What is being asked
Beneath this instruction is a block of data; output from it exactly the lines that run from the one containing "Ramaria formosa mushrooms. Stock Photo" through the one containing "Adorable Maltese Puppy Sitting on White Fur", inclusive.
── Supplied data ──
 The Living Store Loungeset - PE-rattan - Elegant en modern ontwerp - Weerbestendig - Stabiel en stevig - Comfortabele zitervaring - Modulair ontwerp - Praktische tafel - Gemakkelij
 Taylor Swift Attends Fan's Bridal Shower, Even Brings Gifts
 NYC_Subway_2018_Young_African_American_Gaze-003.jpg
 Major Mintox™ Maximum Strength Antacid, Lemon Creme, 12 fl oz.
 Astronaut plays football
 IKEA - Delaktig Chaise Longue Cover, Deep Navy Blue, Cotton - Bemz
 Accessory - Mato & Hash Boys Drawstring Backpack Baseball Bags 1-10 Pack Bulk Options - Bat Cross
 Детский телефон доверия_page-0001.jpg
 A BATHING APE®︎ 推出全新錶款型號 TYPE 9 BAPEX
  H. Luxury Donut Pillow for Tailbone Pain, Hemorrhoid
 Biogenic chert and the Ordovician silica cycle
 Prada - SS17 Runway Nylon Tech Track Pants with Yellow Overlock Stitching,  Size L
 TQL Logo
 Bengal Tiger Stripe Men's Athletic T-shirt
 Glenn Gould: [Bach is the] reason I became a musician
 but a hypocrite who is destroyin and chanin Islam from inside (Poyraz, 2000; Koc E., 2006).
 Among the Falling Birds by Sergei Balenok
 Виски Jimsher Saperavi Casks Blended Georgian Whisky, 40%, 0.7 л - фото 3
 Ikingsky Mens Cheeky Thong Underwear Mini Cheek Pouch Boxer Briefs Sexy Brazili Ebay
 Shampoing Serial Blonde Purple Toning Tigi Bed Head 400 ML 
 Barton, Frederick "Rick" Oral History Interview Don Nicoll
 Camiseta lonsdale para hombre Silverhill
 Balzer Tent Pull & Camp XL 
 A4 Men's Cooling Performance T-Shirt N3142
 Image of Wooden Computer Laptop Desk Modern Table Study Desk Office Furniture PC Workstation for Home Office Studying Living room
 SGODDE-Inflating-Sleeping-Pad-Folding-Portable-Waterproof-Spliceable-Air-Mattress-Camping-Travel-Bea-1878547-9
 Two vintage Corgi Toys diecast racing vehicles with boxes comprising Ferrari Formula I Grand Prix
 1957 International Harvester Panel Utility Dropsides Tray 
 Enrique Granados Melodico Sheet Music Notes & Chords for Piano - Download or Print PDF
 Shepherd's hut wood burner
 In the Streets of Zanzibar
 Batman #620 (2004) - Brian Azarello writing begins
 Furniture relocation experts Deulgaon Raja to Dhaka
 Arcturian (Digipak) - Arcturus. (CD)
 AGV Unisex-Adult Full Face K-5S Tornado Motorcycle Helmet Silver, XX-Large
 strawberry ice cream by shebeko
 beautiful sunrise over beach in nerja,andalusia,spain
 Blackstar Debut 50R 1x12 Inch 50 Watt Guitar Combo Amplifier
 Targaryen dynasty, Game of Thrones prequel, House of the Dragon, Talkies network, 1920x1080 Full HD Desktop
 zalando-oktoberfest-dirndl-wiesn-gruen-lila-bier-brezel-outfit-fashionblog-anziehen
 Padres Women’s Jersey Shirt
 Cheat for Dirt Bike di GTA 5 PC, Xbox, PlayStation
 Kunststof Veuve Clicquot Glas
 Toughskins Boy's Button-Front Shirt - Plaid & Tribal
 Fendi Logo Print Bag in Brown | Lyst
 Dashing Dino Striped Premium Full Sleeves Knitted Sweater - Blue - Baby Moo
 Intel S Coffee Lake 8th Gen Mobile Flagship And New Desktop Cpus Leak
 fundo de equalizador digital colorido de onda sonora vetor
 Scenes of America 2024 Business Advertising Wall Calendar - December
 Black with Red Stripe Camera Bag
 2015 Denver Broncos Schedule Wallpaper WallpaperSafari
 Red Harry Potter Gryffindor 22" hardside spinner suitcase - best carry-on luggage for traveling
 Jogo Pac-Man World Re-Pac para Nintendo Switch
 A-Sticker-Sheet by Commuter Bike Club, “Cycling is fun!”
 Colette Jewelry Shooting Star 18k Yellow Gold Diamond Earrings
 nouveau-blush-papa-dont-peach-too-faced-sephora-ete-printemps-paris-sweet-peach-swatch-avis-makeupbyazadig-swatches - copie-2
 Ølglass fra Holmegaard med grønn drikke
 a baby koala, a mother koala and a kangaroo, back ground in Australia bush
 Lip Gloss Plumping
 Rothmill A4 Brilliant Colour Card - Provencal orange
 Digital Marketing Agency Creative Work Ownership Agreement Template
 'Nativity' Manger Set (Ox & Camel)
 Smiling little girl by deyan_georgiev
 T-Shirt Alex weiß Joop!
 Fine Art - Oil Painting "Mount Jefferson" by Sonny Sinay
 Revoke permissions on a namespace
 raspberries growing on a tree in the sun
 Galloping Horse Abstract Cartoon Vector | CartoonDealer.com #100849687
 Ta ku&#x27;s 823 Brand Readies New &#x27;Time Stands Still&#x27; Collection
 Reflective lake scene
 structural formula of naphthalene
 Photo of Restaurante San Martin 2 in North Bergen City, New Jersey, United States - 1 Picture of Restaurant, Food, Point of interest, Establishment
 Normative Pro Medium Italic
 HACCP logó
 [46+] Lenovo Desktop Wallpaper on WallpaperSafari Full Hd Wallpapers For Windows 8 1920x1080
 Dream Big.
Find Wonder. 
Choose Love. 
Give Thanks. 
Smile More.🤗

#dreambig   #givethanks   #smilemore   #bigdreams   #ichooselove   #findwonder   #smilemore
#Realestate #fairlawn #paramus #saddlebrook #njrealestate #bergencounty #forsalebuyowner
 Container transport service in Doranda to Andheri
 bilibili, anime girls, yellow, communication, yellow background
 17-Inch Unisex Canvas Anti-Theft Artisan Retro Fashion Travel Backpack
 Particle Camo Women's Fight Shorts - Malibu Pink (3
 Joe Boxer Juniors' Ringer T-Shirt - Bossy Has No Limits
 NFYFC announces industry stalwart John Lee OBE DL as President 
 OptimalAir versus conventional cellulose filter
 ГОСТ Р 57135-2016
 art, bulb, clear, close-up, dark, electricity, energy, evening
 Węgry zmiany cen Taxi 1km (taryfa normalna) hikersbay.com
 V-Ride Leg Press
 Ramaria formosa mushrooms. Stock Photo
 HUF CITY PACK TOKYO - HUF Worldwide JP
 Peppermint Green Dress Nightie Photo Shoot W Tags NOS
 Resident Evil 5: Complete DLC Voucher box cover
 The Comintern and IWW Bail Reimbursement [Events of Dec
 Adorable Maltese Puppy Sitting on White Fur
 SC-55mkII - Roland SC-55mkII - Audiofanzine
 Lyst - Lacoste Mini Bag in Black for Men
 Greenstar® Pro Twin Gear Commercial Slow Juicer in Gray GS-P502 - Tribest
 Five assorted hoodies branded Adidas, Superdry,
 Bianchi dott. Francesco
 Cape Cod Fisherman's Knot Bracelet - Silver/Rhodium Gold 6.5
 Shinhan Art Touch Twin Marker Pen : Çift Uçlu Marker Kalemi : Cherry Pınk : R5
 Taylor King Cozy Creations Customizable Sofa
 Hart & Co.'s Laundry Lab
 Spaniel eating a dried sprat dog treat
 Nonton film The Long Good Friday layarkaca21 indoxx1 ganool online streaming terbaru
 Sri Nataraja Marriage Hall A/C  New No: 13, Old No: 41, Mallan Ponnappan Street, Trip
───
Answer for the task
 Ramaria formosa mushrooms. Stock Photo
 HUF CITY PACK TOKYO - HUF Worldwide JP
 Peppermint Green Dress Nightie Photo Shoot W Tags NOS
 Resident Evil 5: Complete DLC Voucher box cover
 The Comintern and IWW Bail Reimbursement [Events of Dec
 Adorable Maltese Puppy Sitting on White Fur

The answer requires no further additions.